_Exercise aim_:
Look below for the line containing "gca-architects" and the line containing "E incluso casa", then set down both and every line between them exactly, without pictures.

_Records to process_:
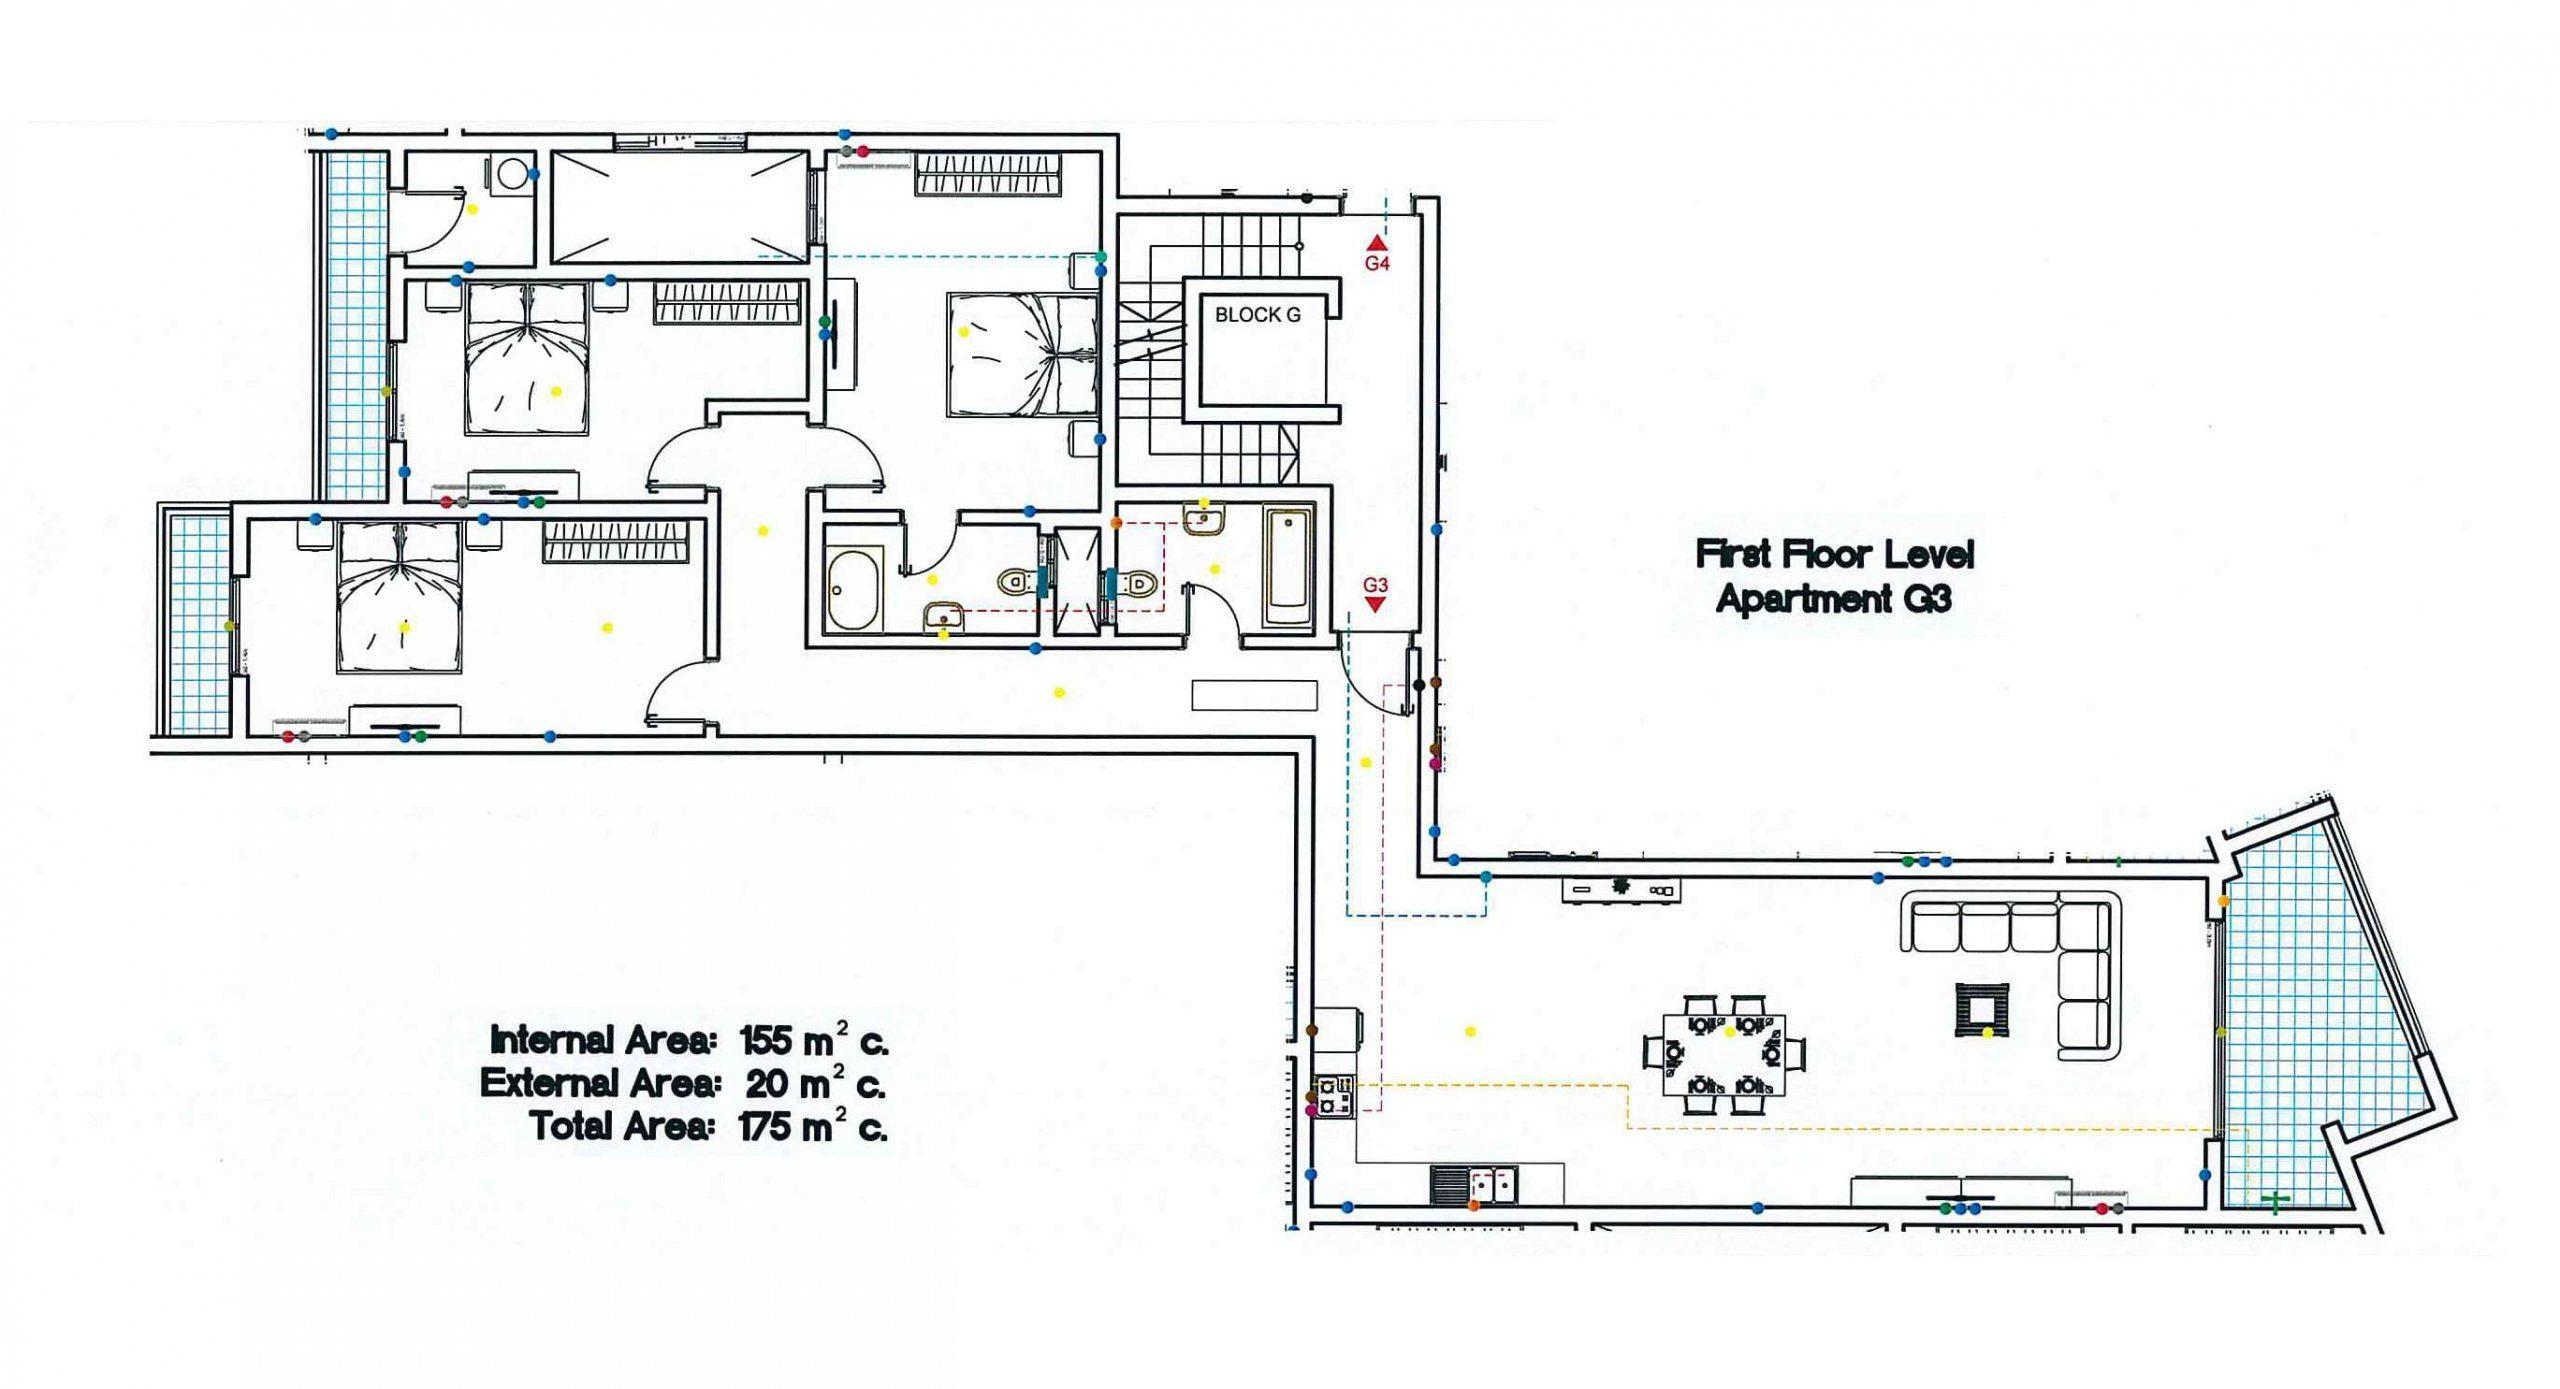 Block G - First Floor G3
==
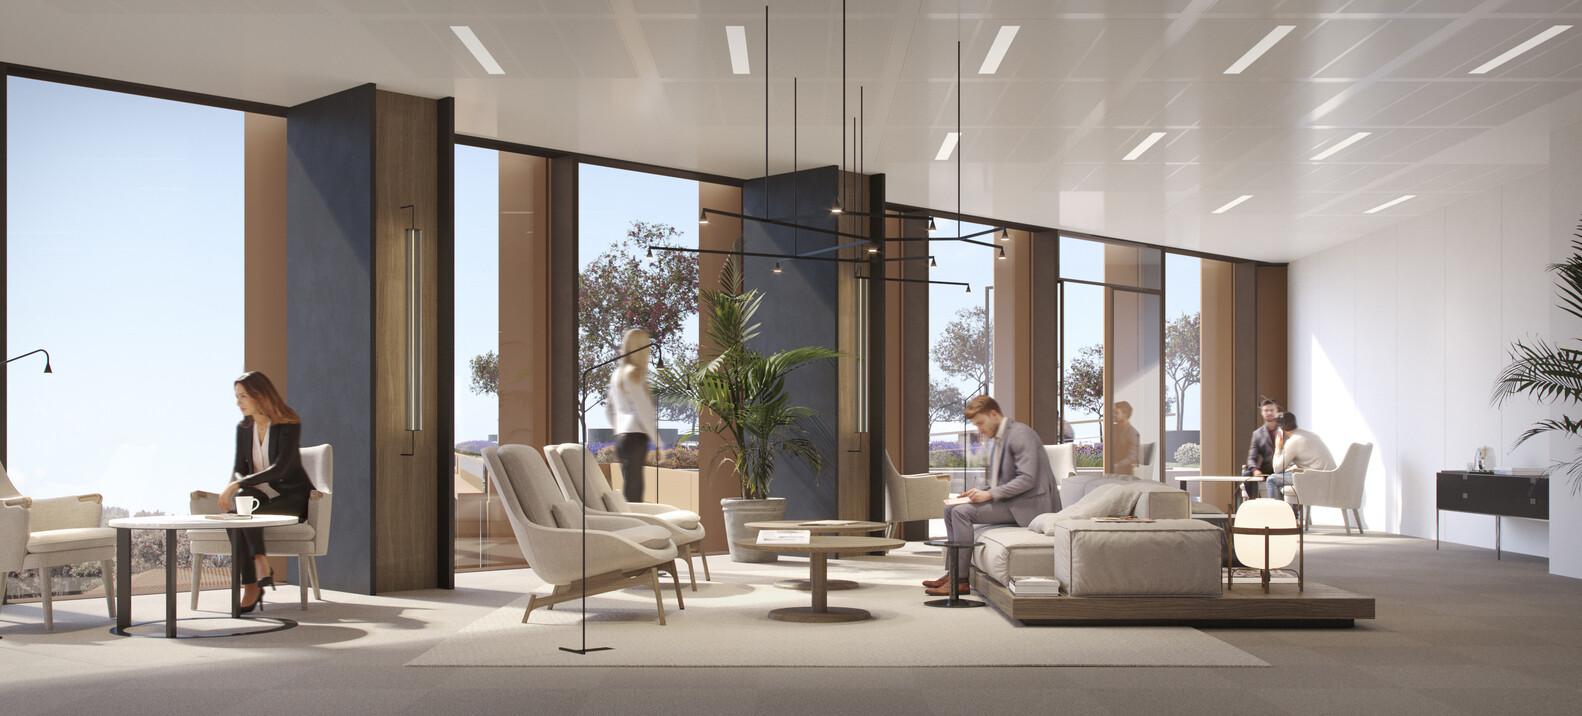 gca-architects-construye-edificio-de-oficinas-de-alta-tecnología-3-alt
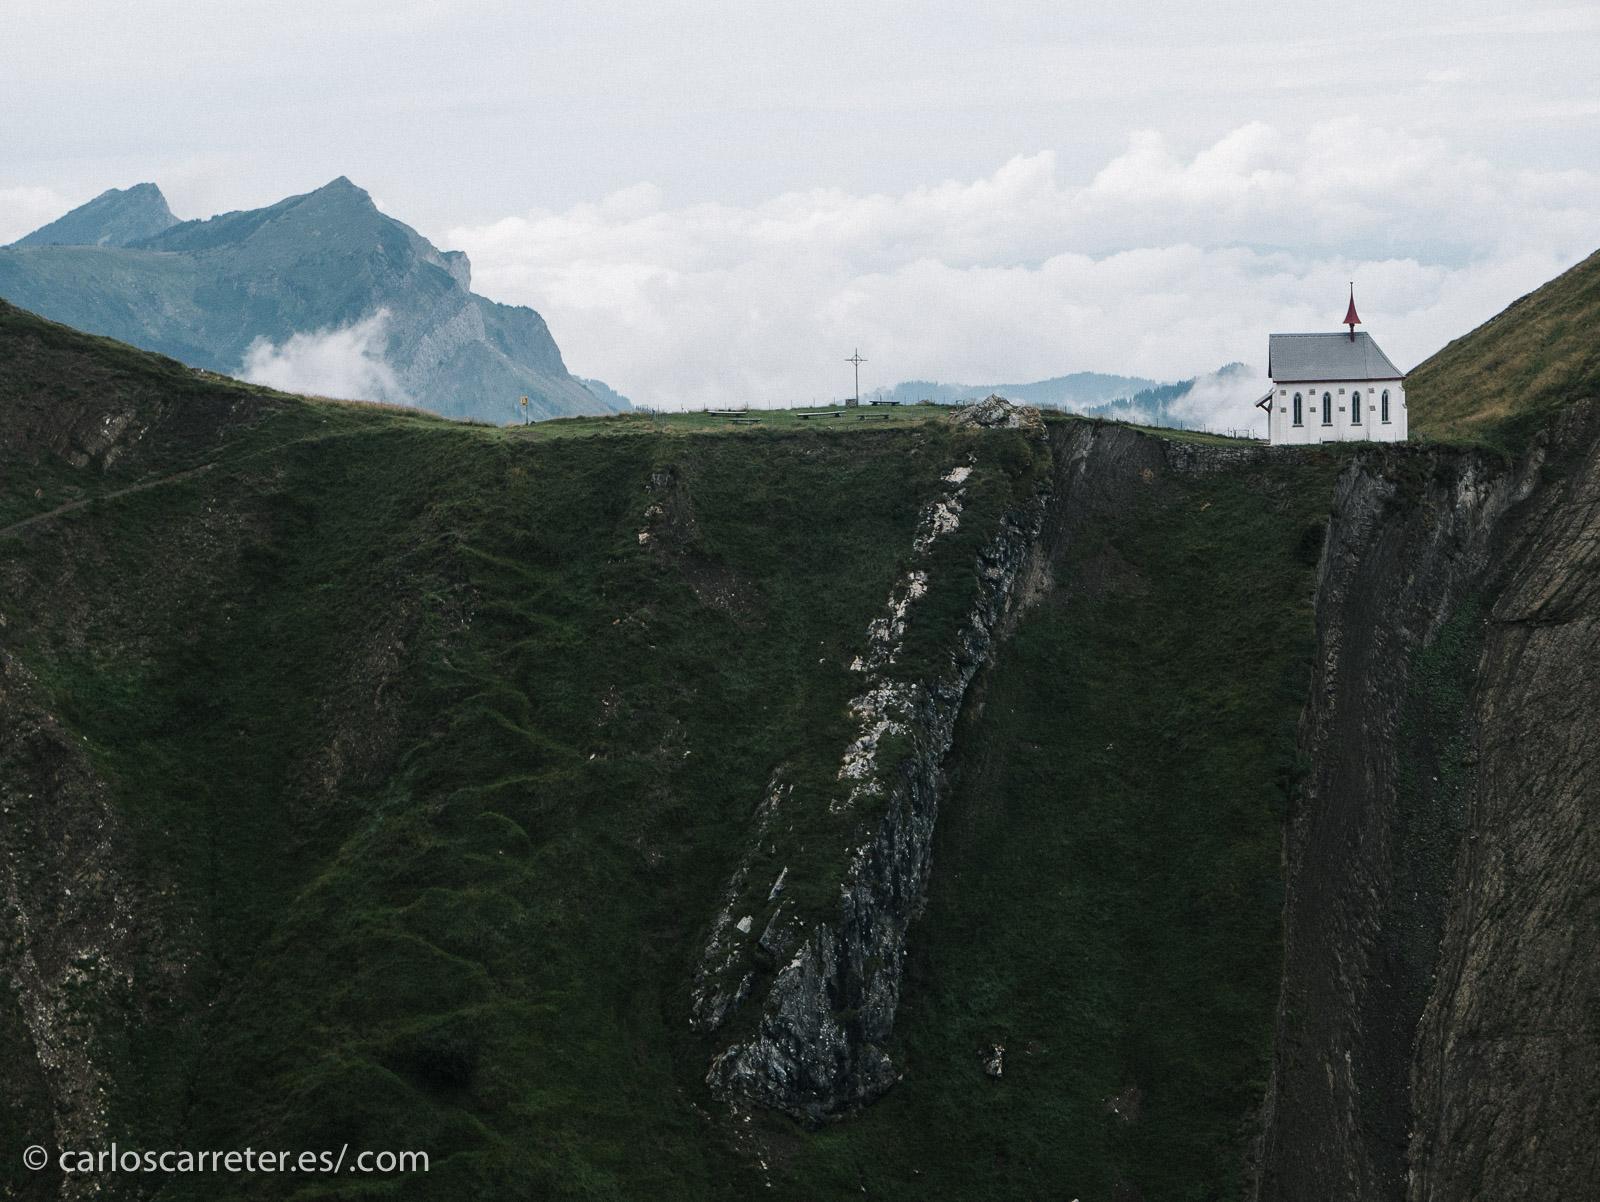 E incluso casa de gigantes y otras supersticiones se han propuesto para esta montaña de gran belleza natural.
* * *
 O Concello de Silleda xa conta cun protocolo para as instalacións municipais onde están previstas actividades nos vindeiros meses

_Solution for this problem_:
 gca-architects-construye-edificio-de-oficinas-de-alta-tecnología-3-alt
 E incluso casa de gigantes y otras supersticiones se han propuesto para esta montaña de gran belleza natural.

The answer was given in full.